2. 筆者の考える「ChatGPT」の活用方法
まず、介護施設においての日々の業務を「現場的業務」と「事務的業務」に切り分けましょう。
ここで言う「現場的業務」とは、送迎や食事・トイレ・入浴介助など毎日発生する業務と捉え、「事務的業務」とは、報告書の作成やメール対応などの業務と捉えます。
2-1. 現場的業務
基本的に「現場的業務」では、常に利用者さんと接してるため、「ChatGPT」を活用する場面は訪れにくいです。
しかし、多くの利用者さんがそれぞれ異なる曜日で利用していたり、新規の利用者さんが短期的に増えた場合は「利用者さんの情報」や「病気・症状」に関して情報や知識を求める場合があります。
「利用者さんの情報」については、「ChatGPT」が提案した「データベース構築と活用」を用いると、先述した通り、情報漏洩のリスクが高いため、使うことは推奨しません。

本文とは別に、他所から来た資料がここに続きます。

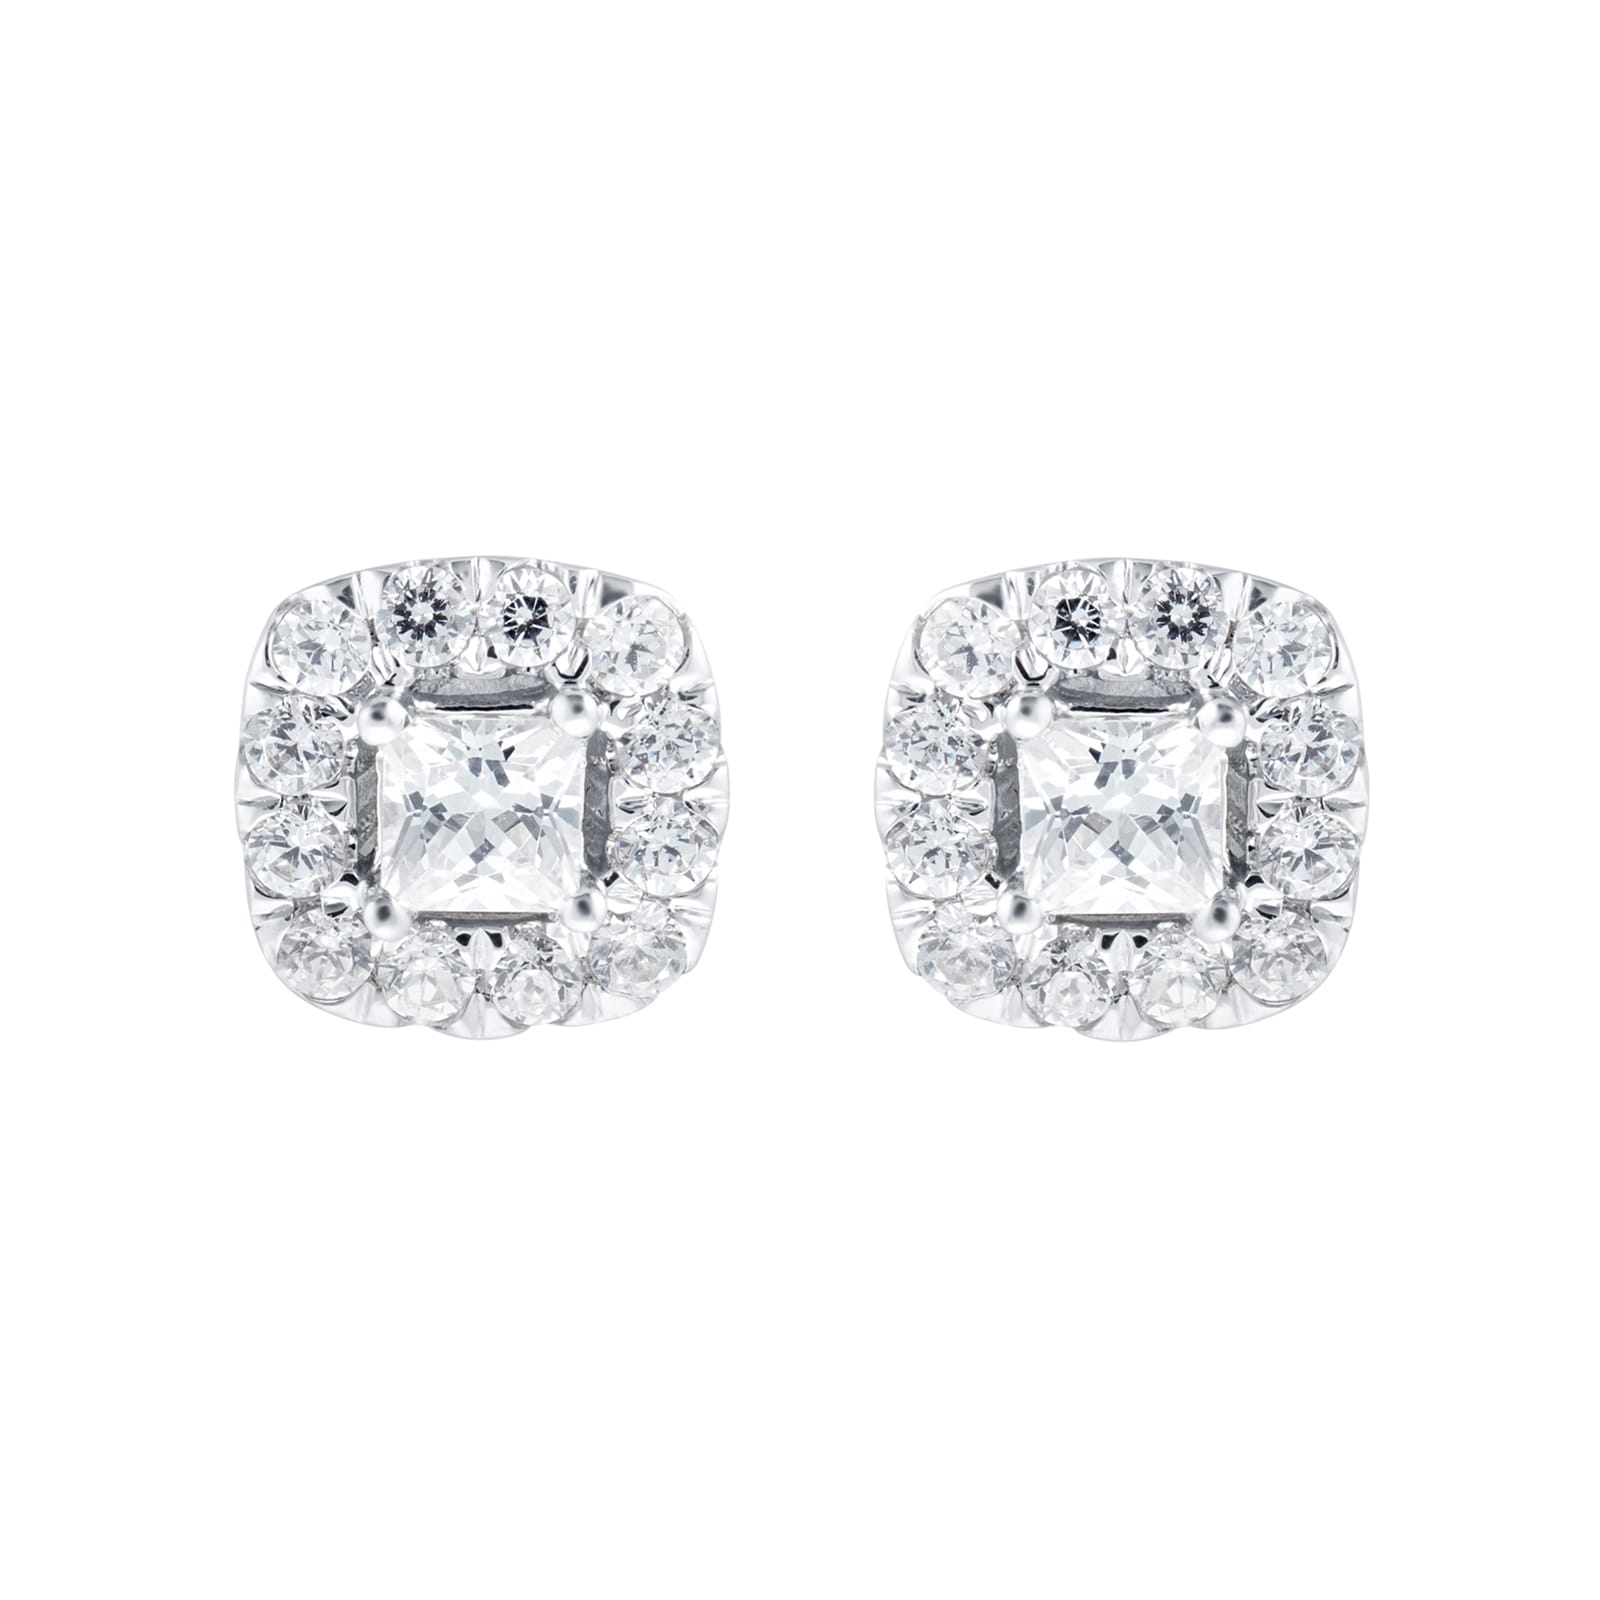 9ct White Gold 0.50cttw Princess Halo Stud Earrings

個人情報を外部に漏洩させないためにも、お手数ですが、紙ベースのケース記録を確認するか、もしくは施設内アクセスのみでデータ化された利用者さんの情報をモバイル端末などで確認することが、セキュリティ面において安全といえます。
「病気・症状」については、「ChatGPT」を活用し、情報を取得することができます。また、「ChatGPT」とLINEであったり、「ChatGPT」と他ツール・アプリを組み合わせたシステムを構築することによって、施設側での管理が簡易的になり、思わぬ事故やリスクを回避することができるため、サービスの質の向上につながります。
2-2. 事務的業務
まず、介護士をはじめとした専門職による報告書(ヒヤリハットや事故報告、個別機能訓練加算など)の作成は、テンプレートや書き方指導があるとしても、人によって得手不得手があります。

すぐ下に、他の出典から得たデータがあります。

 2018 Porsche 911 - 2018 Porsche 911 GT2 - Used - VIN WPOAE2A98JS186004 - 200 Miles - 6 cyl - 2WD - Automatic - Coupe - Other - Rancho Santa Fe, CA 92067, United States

例えば、キャリアや経験年数を積み重ねてもなかなか文章を作れなかったり、報告書を作成することはできても作成した文章の修正が必要であったりなど、人によって報告書の質は変わります。
しかし、「ChatGPT」を活用することで文章レベルを統一でき、施設における報告書の質を一定基準に図ることが可能となります。

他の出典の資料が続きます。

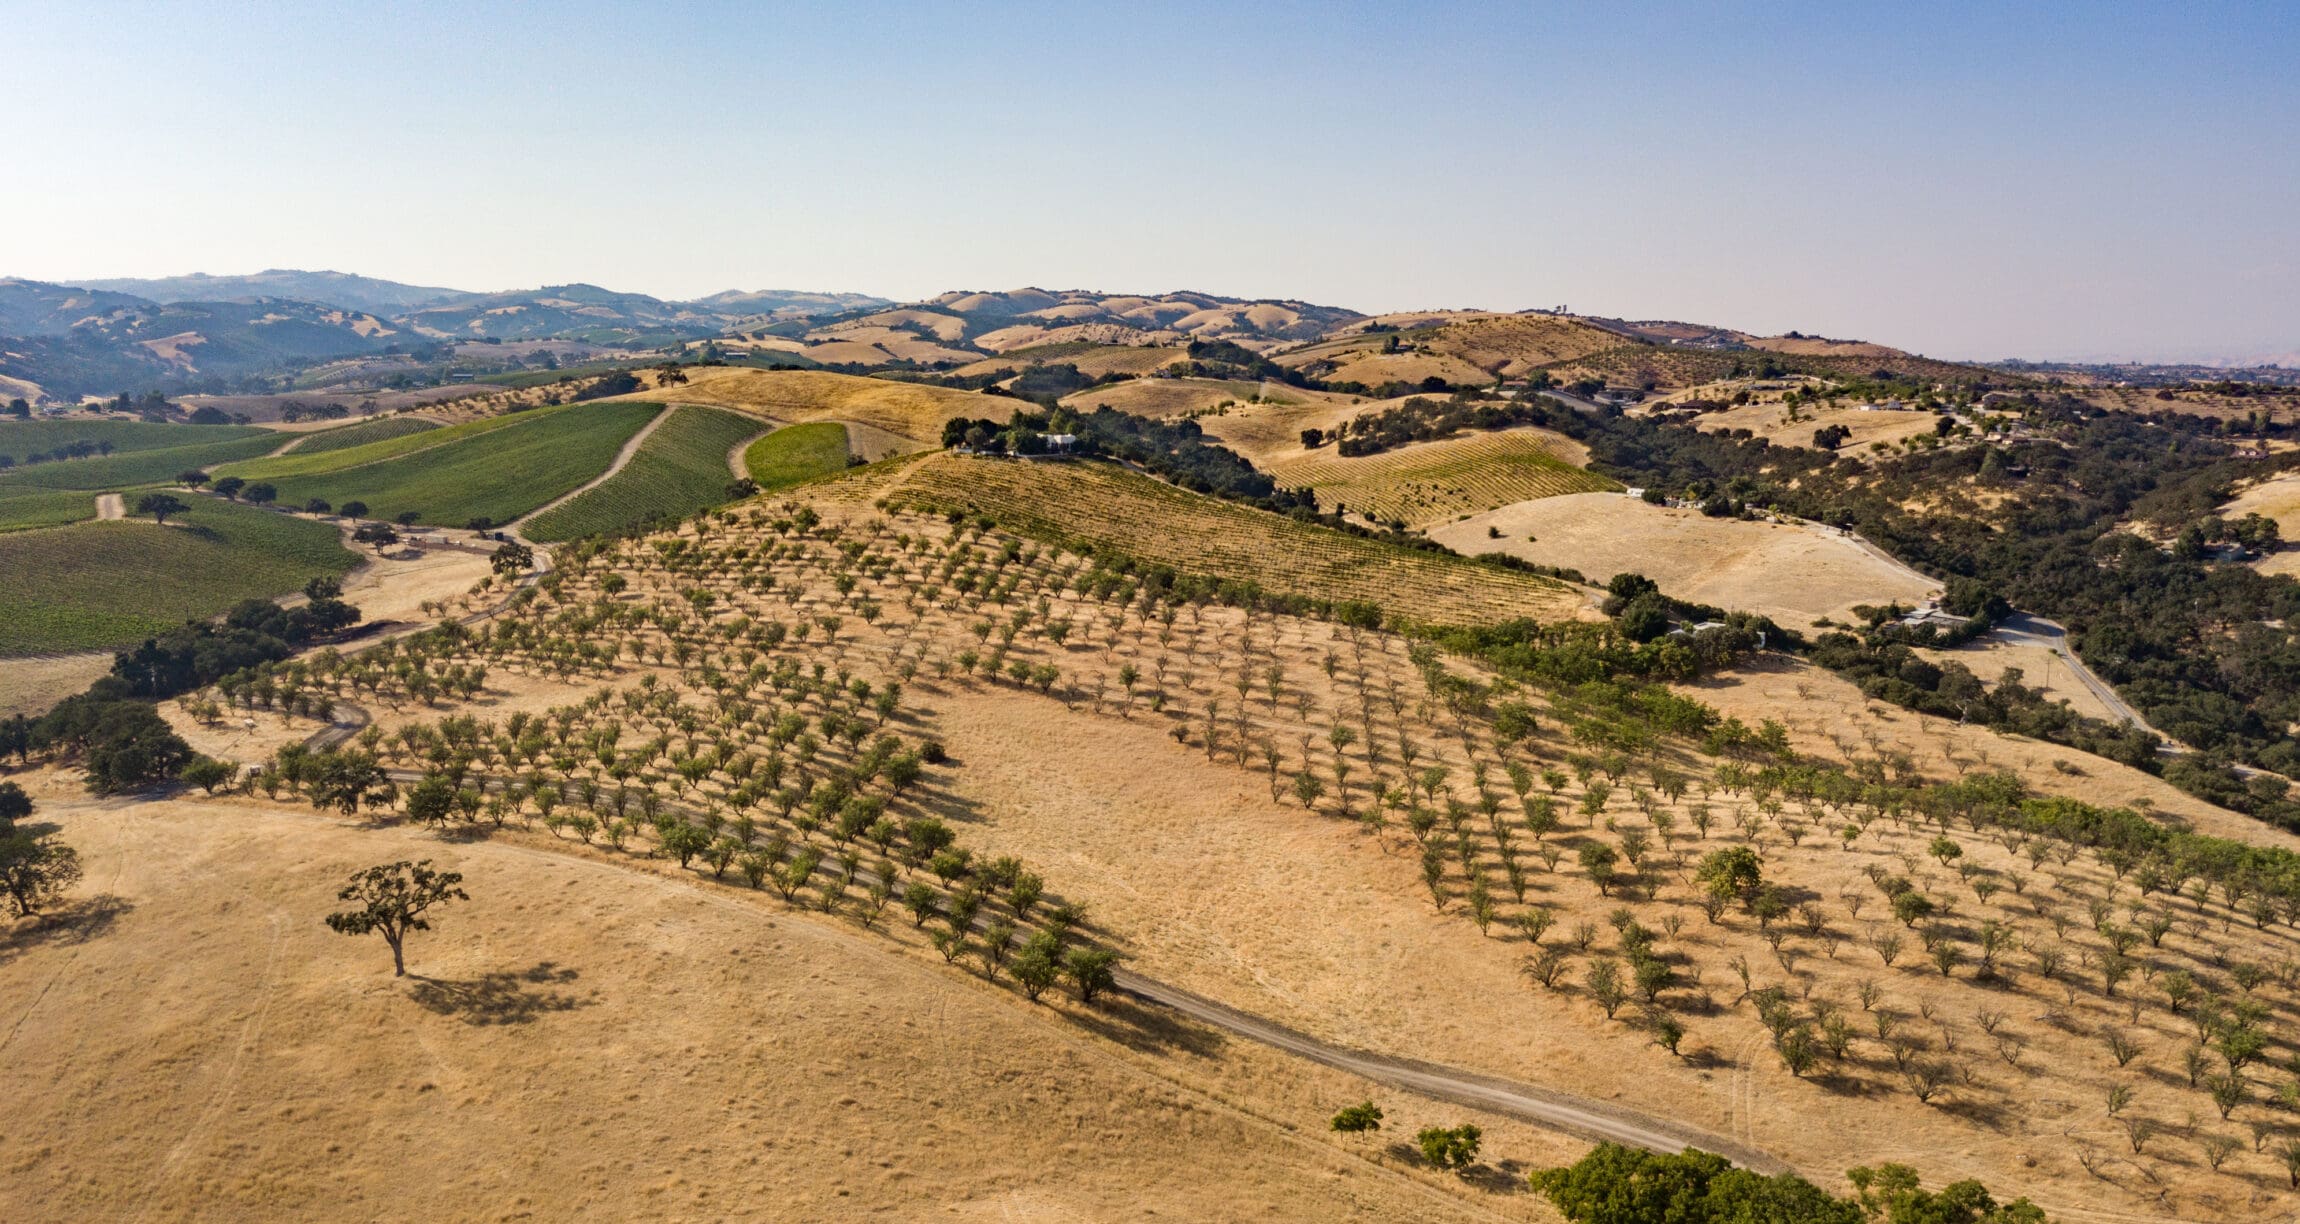 A guide to Paso Robles | sweeping views over a winery estate

メール対応に関しても、メールの文章を考える時間を削減でき、かつ、報告書と同様に安定した質を保った文章を作成することができます。
また、新卒職員や中途採用職員への指導に関しても、「ChatGPT」を活用することによって、指導に対する業務工数を削減することも可能であり、業務の効率化を図ることができます。
まとめ
今回は介護・福祉業界について書いていこうと思いましたが、介護業界についての内容が思った以上に膨らんだため、限定させていただきました。
「ChatGPT」とサービス・アプリを組み合わせたシステムも少しずつ開発し始めているため、そちらについてもいつか書けたらと思います。
ご高覧いただきありがとうございました。